He worked with his wife's brother Otto Kubin in the real estate and banking business until 1888. In the early 1900s, he became the President and Manager of Atlas Brewing Company of Chicago. He ran for Congress on the Democratic ticket in 1904 for the fifth district of Illinois but did not win.

On September 11, 1913, President Woodrow Wilson appointed Vopicka as United States Envoy Extraordinary and Minister Plenipotentiary to Romania, Serbia and Bulgaria. The outbreak of the Great War made his job all the more difficult.
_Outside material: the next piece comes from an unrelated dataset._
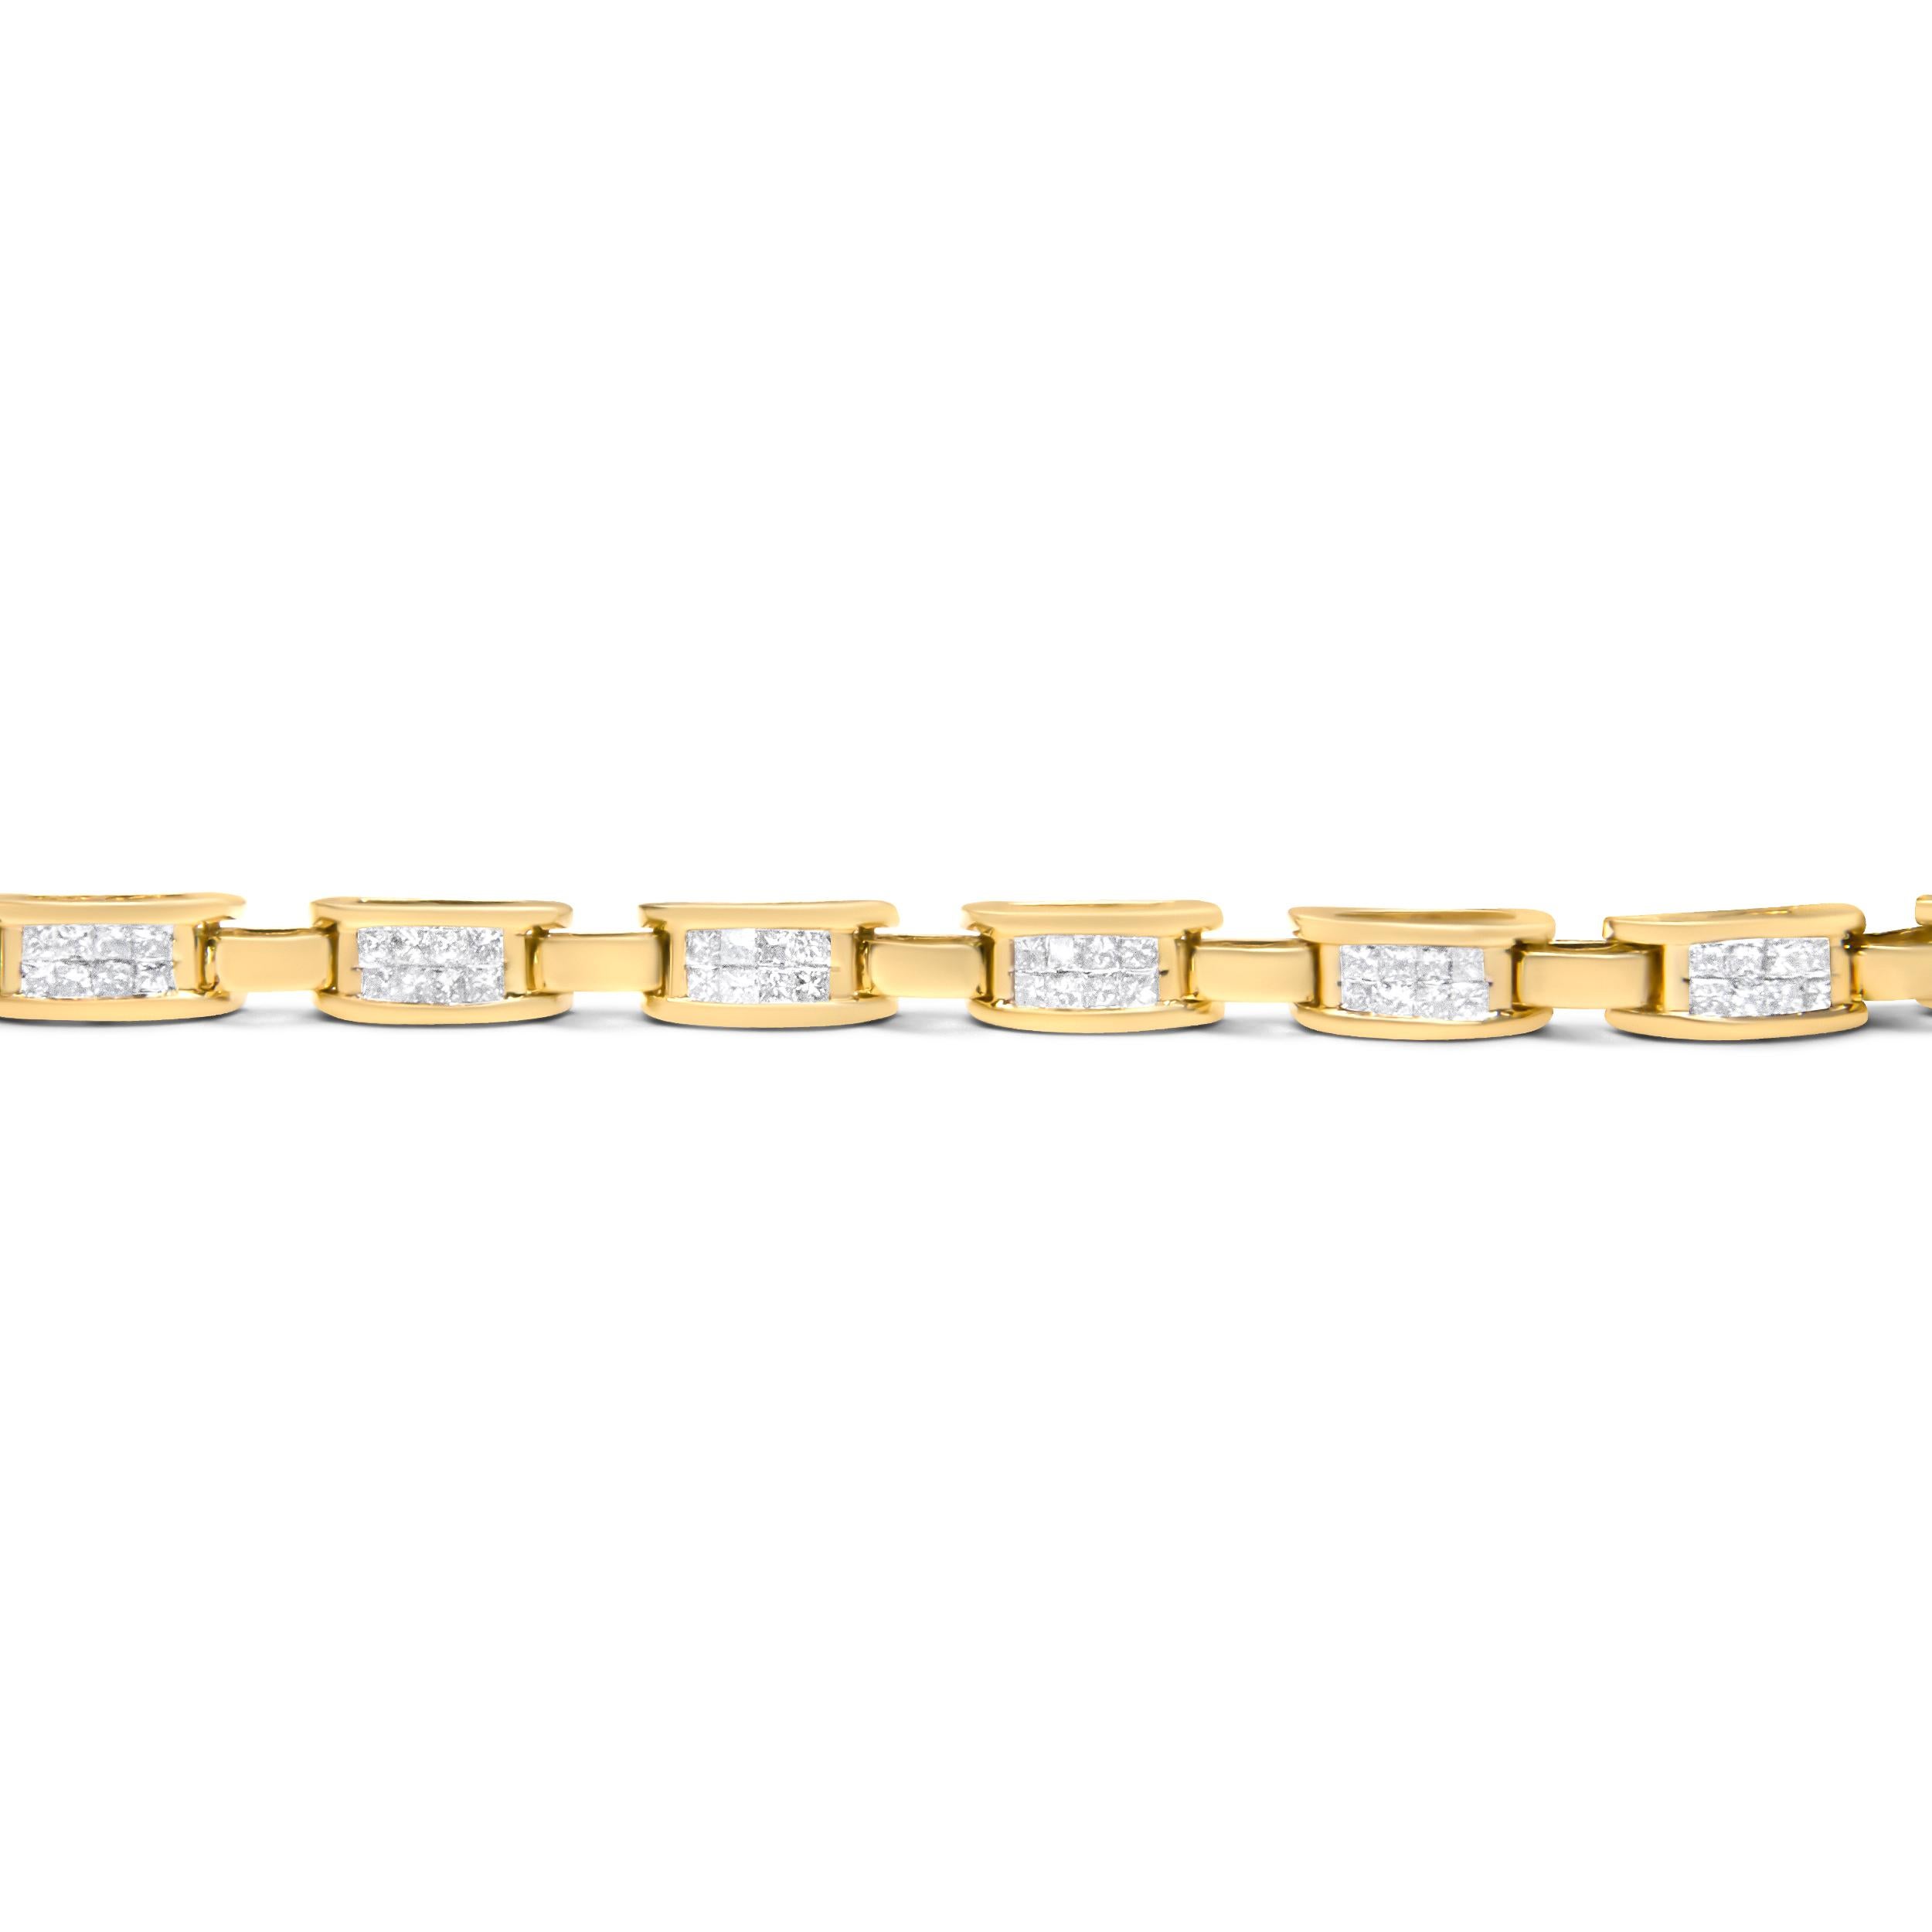 10K Yellow Gold 2.0 Carat Princess Cut Diamond Rectangular Link Bracelet In Fair Condition For Sale In New York, NY

Added to the delicate situation which was created by the daily snapping of diplomatic threads, there was imposed upon him the extra hazardous task of acting as Chairman of the International Commission in Serbia, where he was also representing the German and Austro-Hungarian interests. He was representing British interests in Bulgaria and German and Turkish interests in Romania. Representing nine nations in Bucharest, during the German occupation of that city, his life for four years was one of extraordinary activity and private and public strain. Acting for Germany and Turkey he handed their ultimatum to Romania. Likewise, to him, the task of persuading several hundred thousand Russians to remain in the trenches to fight the Central Powers fell to a bitter end. After the termination of hostilities and the consequent resumption of international amenities, Minister Vopicka conducted parleys for the various powers and has notably assisted in the task of building order out of chaos and destruction. In the spring of 1920, he resigned.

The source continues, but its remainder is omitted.